- _What to produce_: Copy out the listing in full, exactly as written, but not its pictures.
Source material below:
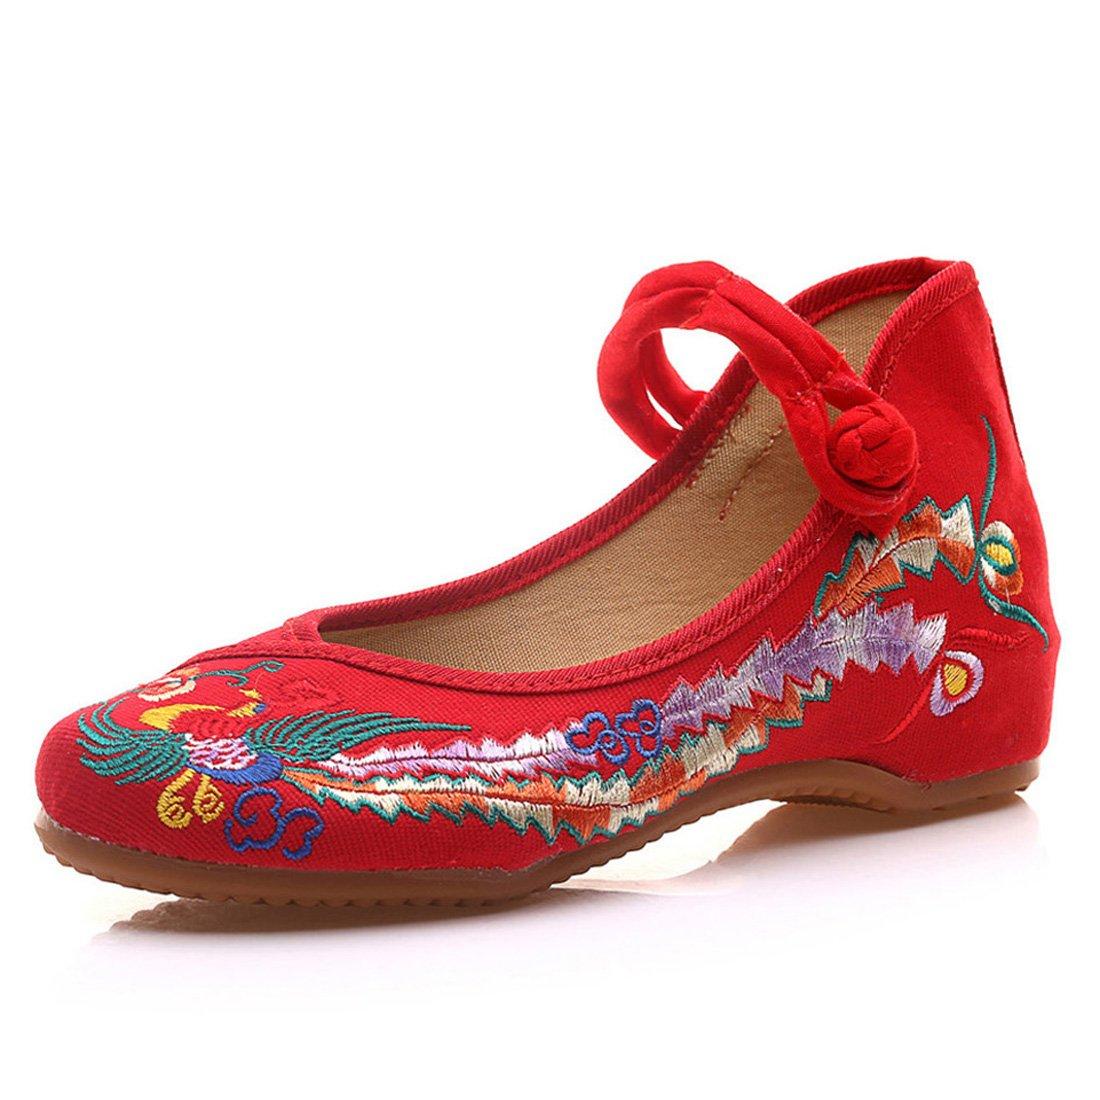 Fanwer Mary Jane Toile Phoenix Brodé Femmes Doux Semelle Chaussures Chinoises Appartements Flats
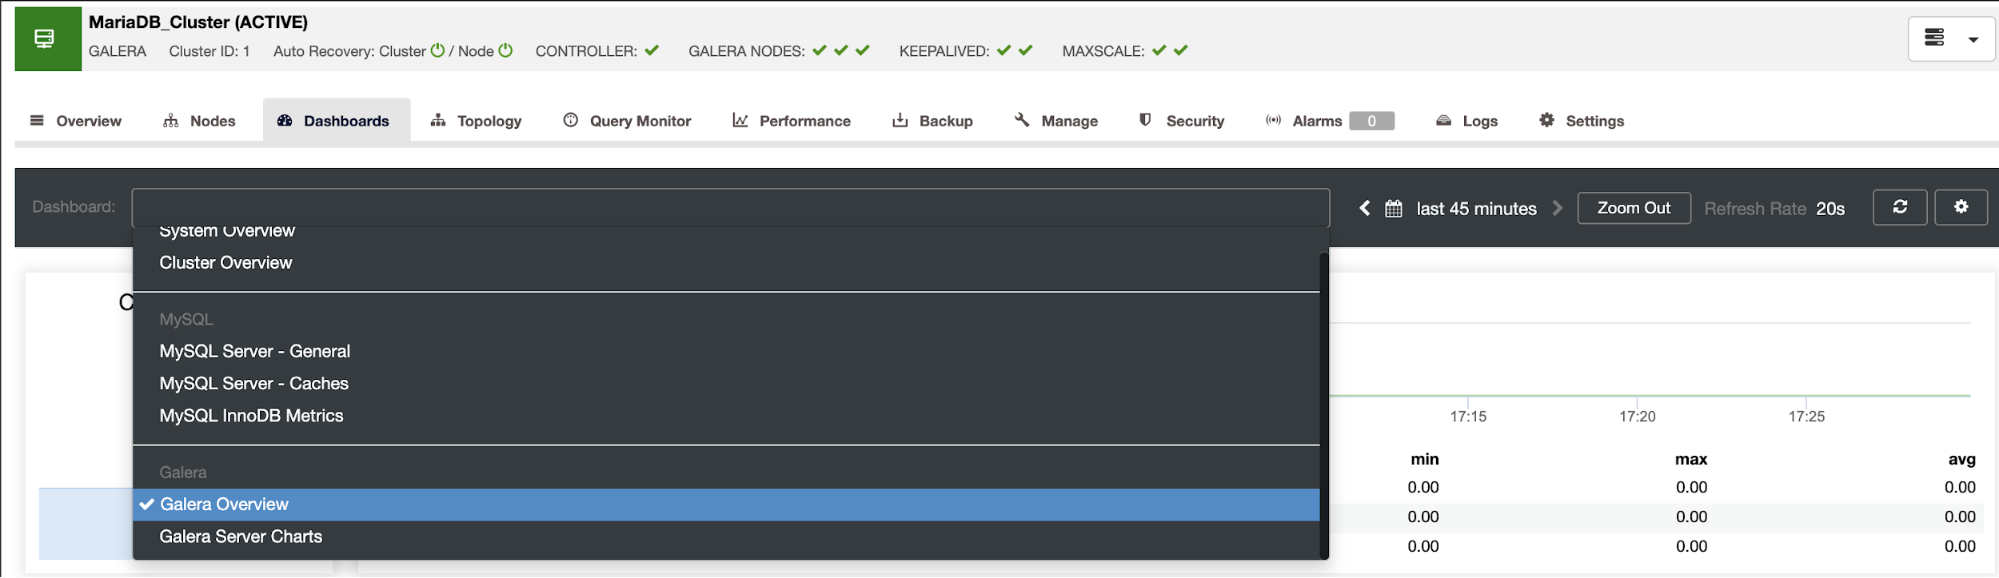 MariaDB Server & Cluster Monitoring
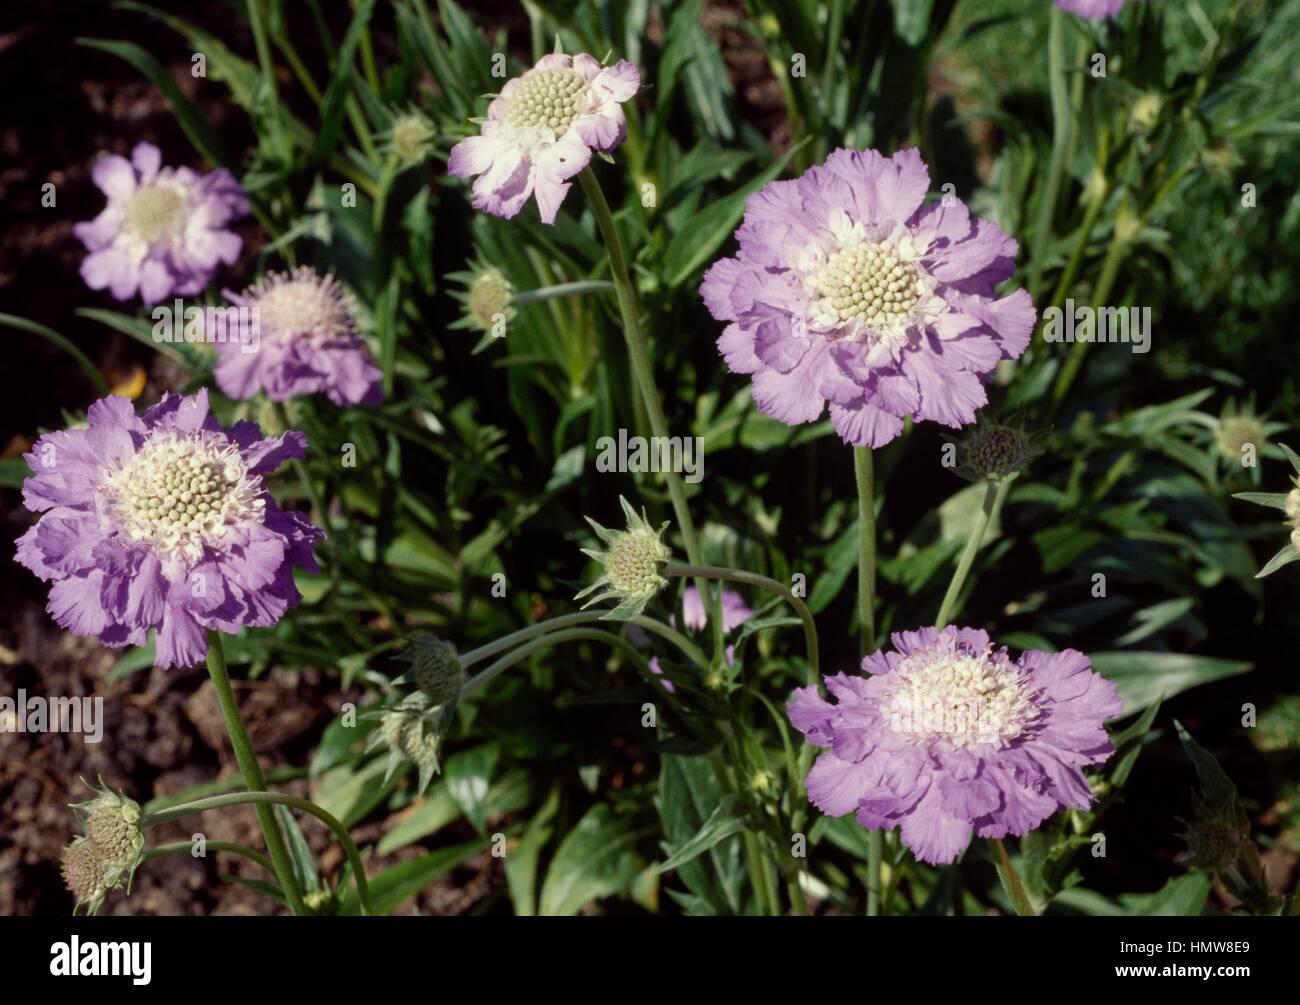 Pincushion Flower Or Scabious Scabiosa Caucasica Stafa Stock Photo
End of Source material.
- _Exercise solution_:
 Fanwer Mary Jane Toile Phoenix Brodé Femmes Doux Semelle Chaussures Chinoises Appartements Flats
 MariaDB Server & Cluster Monitoring
 Pincushion Flower Or Scabious Scabiosa Caucasica Stafa Stock Photo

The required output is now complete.